It begins with a boy. Theo Decker, a thirteen-year-old New Yorker, miraculously survives an accident that kills his mother. Abandoned by his father, Theo is taken in by the family of a wealthy friend. Bewildered by his strange new home on Park Avenue, disturbed by schoolmates who don’t know how to talk to him, and tormented above all by his unbearable longing for his mother, he clings to one thing that reminds him of her: a small, mysteriously captivating painting that ultimately draws Theo into the underworld of art.
As an adult, Theo moves silkily between the drawing rooms of the rich and the dusty labyrinth of an antiques store where he works. He is alienated and in love-and at the center of a narrowing, ever more dangerous circle.
The Goldfinch is a novel of shocking narrative energy and power. It combines unforgettably vivid characters, mesmerizing language, and breathtaking suspense, while plumbing with a philosopher’s calm the deepest mysteries of love, identity, and art. It is a beautiful, stay-up-all-night and tell-all-your-friends triumph, an old-fashioned story of loss and obsession, survival and self-invention, and the ruthless machinations of fate.
Review:
The Goldfinch is my favorite type of book—grappling with the Big Questions behind the curtain, telling a once-in-a-lifetime kind of story on stage. It’s epic, 771 pages to adore and to swaddle, to contemplate and to doubt, to believe and to not-believe.
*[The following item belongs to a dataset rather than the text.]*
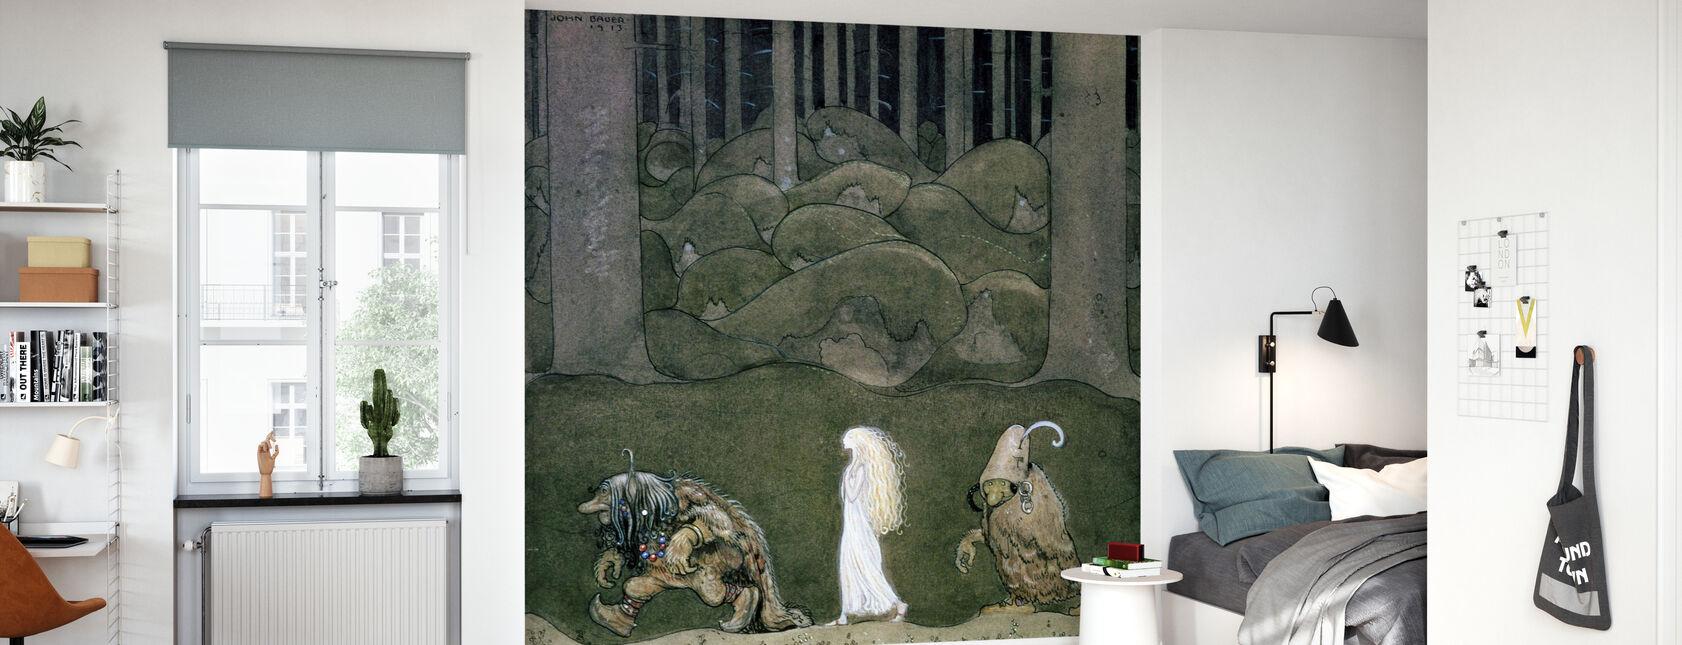 Princess and the Trolls - John Bauer - Wallpaper - Kids Room

It starts with a 13-year-old boy having his world destroyed and stealing a painting, the eponymous “Goldfinch,” that just might one day be able to rebuild his world. We follow this boy, Theo, on a decades-long odyssey of self-loathing and guilt and loss. He goes from New York to Las Vegas to Amsterdam, crossing paths with the most charming, surprising characters. Boris, a Russian druggie who befriends Theo in Vegas, is my favorite. His dialogue—though all the dialogue really—is brilliant, mimicking real speech through the most clever punctuation use and filler words. Characters and plots weave in and out, forgotten and abandoned for hundreds of pages, but despite its meandering, never for one moment does the book feel slow or directionless. It thrums forward with realism and excitement.
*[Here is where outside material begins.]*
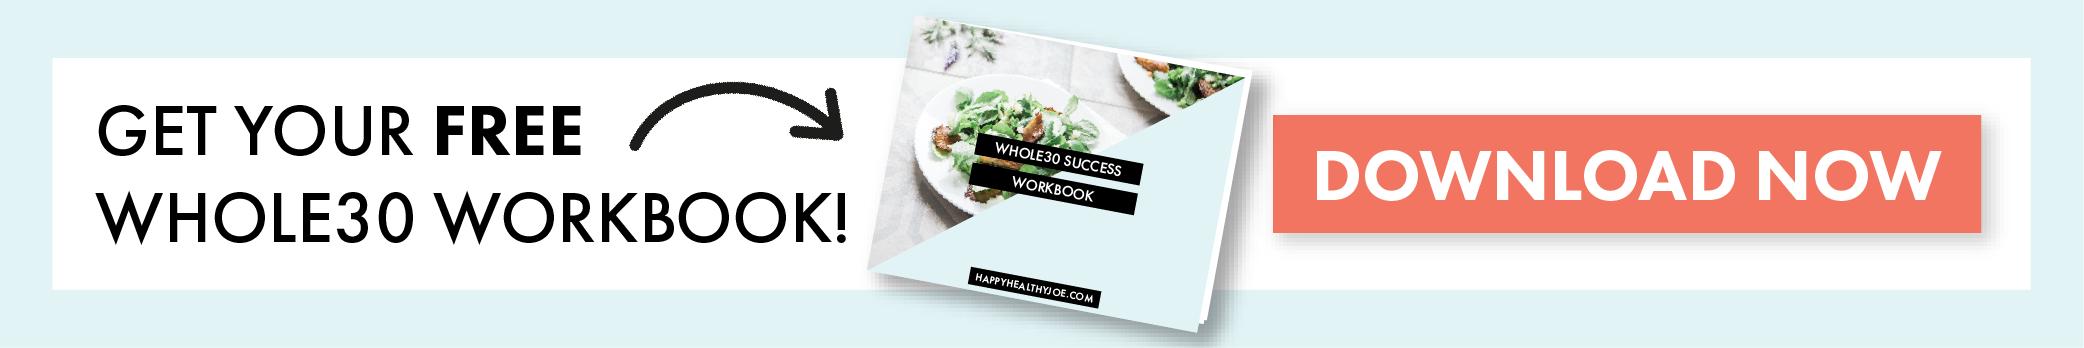 Get Your Free Whole30 Workbook | Happy Healthy Joe | Integrative Health Coach

Tartt talks a lot about what makes art meaningful. The same way she asks what a painting can mean to someone, she inspired me to ask what literature means to me. And so I think the best stories are born in time or out of it. The greats are either ruthlessly part and parcel of the era in which they were written (To Kill a Mockingbird, The Great Gatsby) or undated, belonging to everyone who came before they were written and everyone who comes after. The Goldfinch falls to the latter category: it’s absolutely timeless, about the questions we ask again and again, but never reductive.
How should we live our lives when they are meaningless and cruel, and random fate can strike us down at any moment? Once we’re old and battered enough to realize and accept this lack of meaning, what can we do? Go on quietly? Be destroyed by it? Or do we say screw it and decide to make our meaning?
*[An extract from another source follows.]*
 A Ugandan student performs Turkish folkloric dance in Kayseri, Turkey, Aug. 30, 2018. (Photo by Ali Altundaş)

For the bulk of the novel, these questions hum beneath the surface, omnipresent but addressed rarely and only with averted eyes. But at the masterful end, Tartt not only gives us a bloody action finale but pushes us toward answers that hovered there all along, in sight but out of reach. Theo’s ultimate ruminations are like a gospel, a message on how to live in an age where the old rules have been discovered as false, discarded but not yet replaced. I died a few deaths between these covers only to be saved every time by Theo, and behind him, Donna Tartt, a careful author, omnipotent in her awareness that her novel has no meaning beyond what she can try to say and her readers can try to grasp. Meaning is neither objective nor infinite. But it can endure for some time and it can find some people, and by it, these people will be momentarily, miraculously, saved. Sort of like I was, at 11pm last night, 750 pages deep, close to the end of The Goldfinch but not ready to close it.